I really, genuinely don't get that.

byyoung3•2mo ago
jepa shows little promise over traditional objectives in my own experiments
eden-u4•2mo ago
what type of experiments did you run in less than a week to be so dismissing? (seriously curious)
hodgehog11•2mo ago
JEPA has been around for quite a while now, so many labs have had time to assess its viability.
byyoung3•2mo ago
Jepa wasn't born last week
rfv6723•2mo ago
> using imagenet-1k for pretraining

Lecun still can't show JEPA competitive at scale with autoregressive LLM.

welferkj•2mo ago
It's ok, autoregressive LLMs are a dead end anyway.

Source: Y. LeCun.

suthakamal•2mo ago
More optimistic signal it’s very early innings in the architectural side of AI, with many more orders of magnitude power-to-intelligence efficiency to come, and less certainty today’s giants’ advantages will be durable.
ACCount37•2mo ago
I've seen too many "architectural breakthroughs" that failed to accomplish anything at all to be this bullish on architectural gains.
ml-anon•2mo ago
lolJEPA
artitars•2mo ago
I am a bit confused by the benchmark comparison they are doing. The comparison of a domain specific "LeJEPA" on astronomy images against general models, which are not explicitly fine-tuned on astronomy images seems misleading to me.
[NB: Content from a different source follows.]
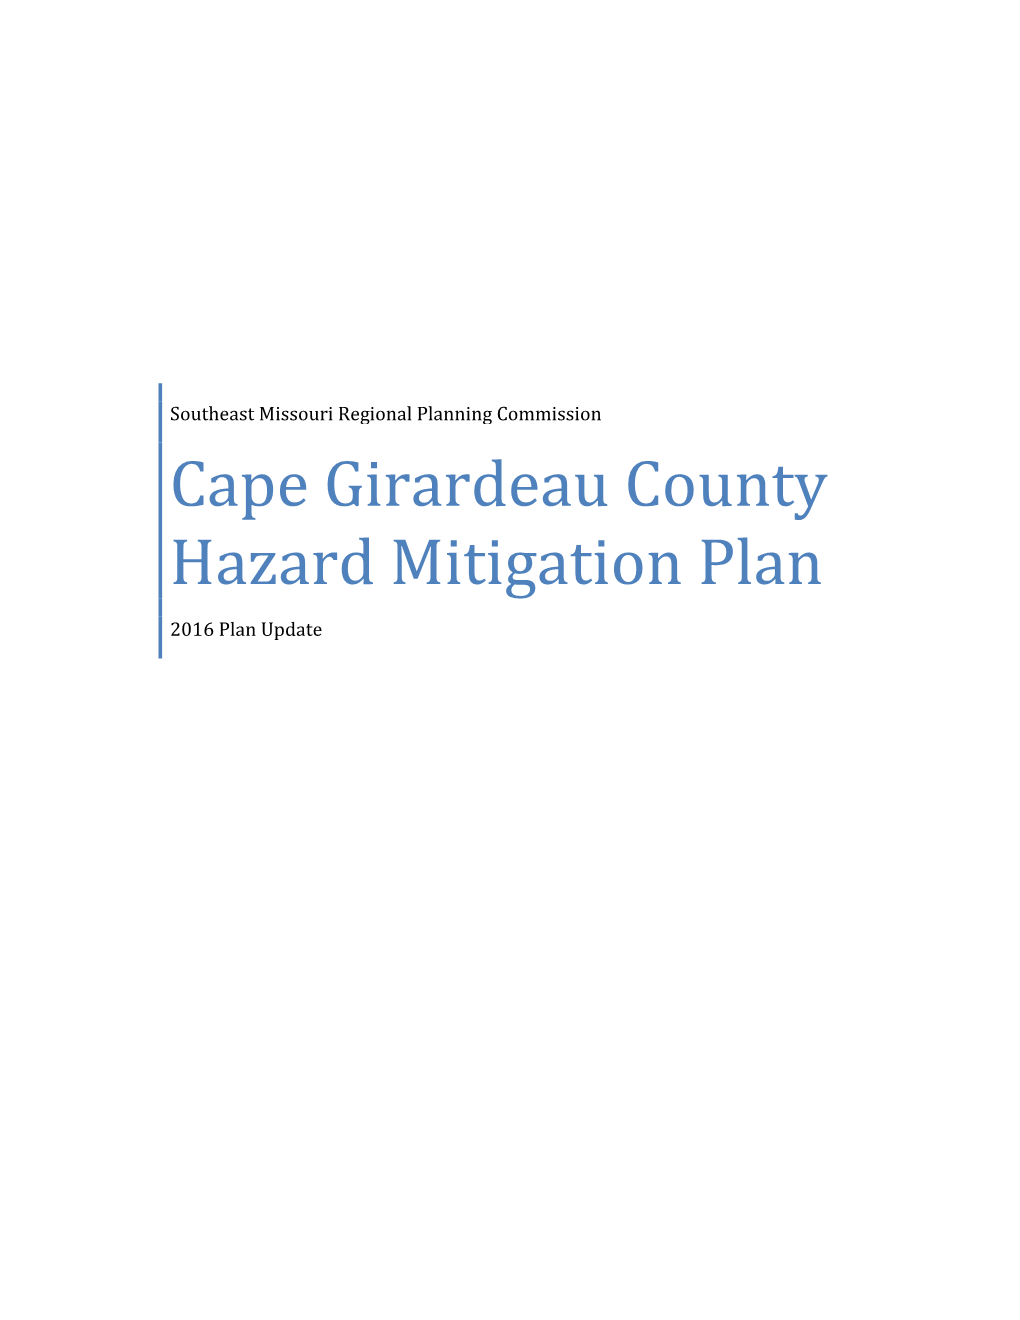 Cape Girardeau County Hazard Mitigation Plan

Does anybody understand why that benchmark might still be reasonable?

yorwba•2mo ago
The comparison is against general models which are explicitly fine-tuned. Specifically, they pre-train their models on unlabeled in-domain images and take DINO models pre-trained on internet-scale general images, then fine-tune both of them on a small number of labeled in-domain images.

The idea is to show that unsupervised pre-training on your target data, even if you don't have a lot of it, can beat transfer learning from a larger, but less focused dataset.

estebarb•2mo ago
I'm a bit confused about the geometry. I'm not sure if the result ends up being like an fuzzy hypersphere or more like an "spiky hyperstar".